- Born: Peter Ocko United States
- Occupations: Television writer, actor
- Years active: 1989–present

= Peter Ocko =

American television writer and producer

Peter Ocko (sometimes credited as Pete Ocko) is an American television writer and producer. Ocko has had a very diverse 30-year career in television and has written and produced for a number of popular television series throughout the 1990s, 2000s, and through to today. Some of these include Pushing Daisies, The Office, The Leftovers, Elementary, and Black Sails and most recently Lodge 49. Ocko began his career as a staff writer on the HBO series Not Necessarily the News, followed by a string of single-camera comedies in the 1990s, writing for such shows as Parker Lewis Can't Lose and Dinosaurs. Crossing over to drama, he wrote for Dead Like Me and Boston Legal, and then created and ran the CBS medical drama 3 lbs starring Stanley Tucci. He now lives in California with his wife, Elizabeth, and 5 kids.

== Career ==
=== Television writer ===
Ocko's writing career began in 1989 when he was one of the writers on the 41st Primetime Emmy Awards and from there co-wrote five episodes of the series Dinosaurs with best friend Adam Barr. From the early nineties until the mid-2000s, he wrote and produced for a number of well-received series, mostly comedy shows including Weird Science, Parker Lewis Can't Lose, Dead Like Me and Pushing Daisies, both of which under executive producer Bryan Fuller.

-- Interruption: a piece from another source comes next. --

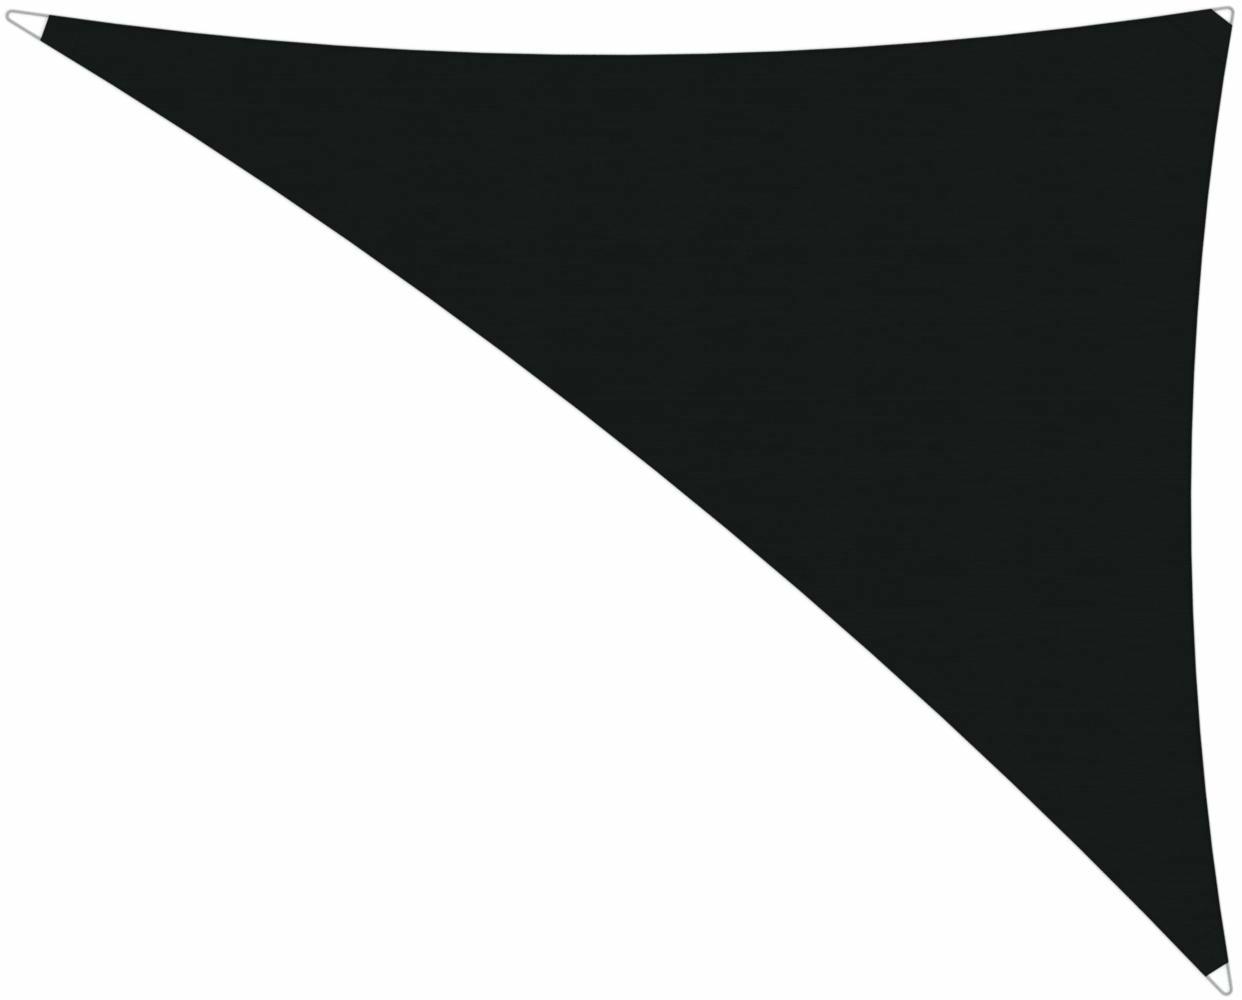 Ingenua shade sail Triangle 4 x 5 x 6,4 m, for outdoor use. Colour of the fabric shade sail Black.

=== Television creator ===
In the year 2000, he developed an animated series entitled Baby Blues based upon a comic strip. The series first aired on The WB and later on Adult Swim. Although the show was pulled from the schedule at the conclusion of its thirteen episode first season, a second season of thirteen episodes was produced but never aired. In 2006, he created a medical drama entitled 3 lbs, which aired on CBS but was cancelled soon after due to low ratings.

=== The Office ===
Ocko began working on the NBC sitcom The Office at the beginning of its seventh season as a co-executive producer. He wrote one episode, entitled "Christening", which aired on November 4, 2010.

=== Lodge 49 ===
Ocko was the showrunner and executive producer on the AMC comedy-drama, Lodge 49, which premiered on August 6, 2018. On October 4, 2018, the series was renewed for a second season, which premiered on August 12, 2019. More recently, he signed a deal with AMC Studios.

=== Moonhaven ===
Ocko wrote and produced the AMC science fiction drama Moonhaven, which premiered in 2022 and ran for one season.

== Awards and nominations ==
Ocko has been nominated for four Writers Guild of America awards, one of which he won for his work on Not Necessarily the News in 1990.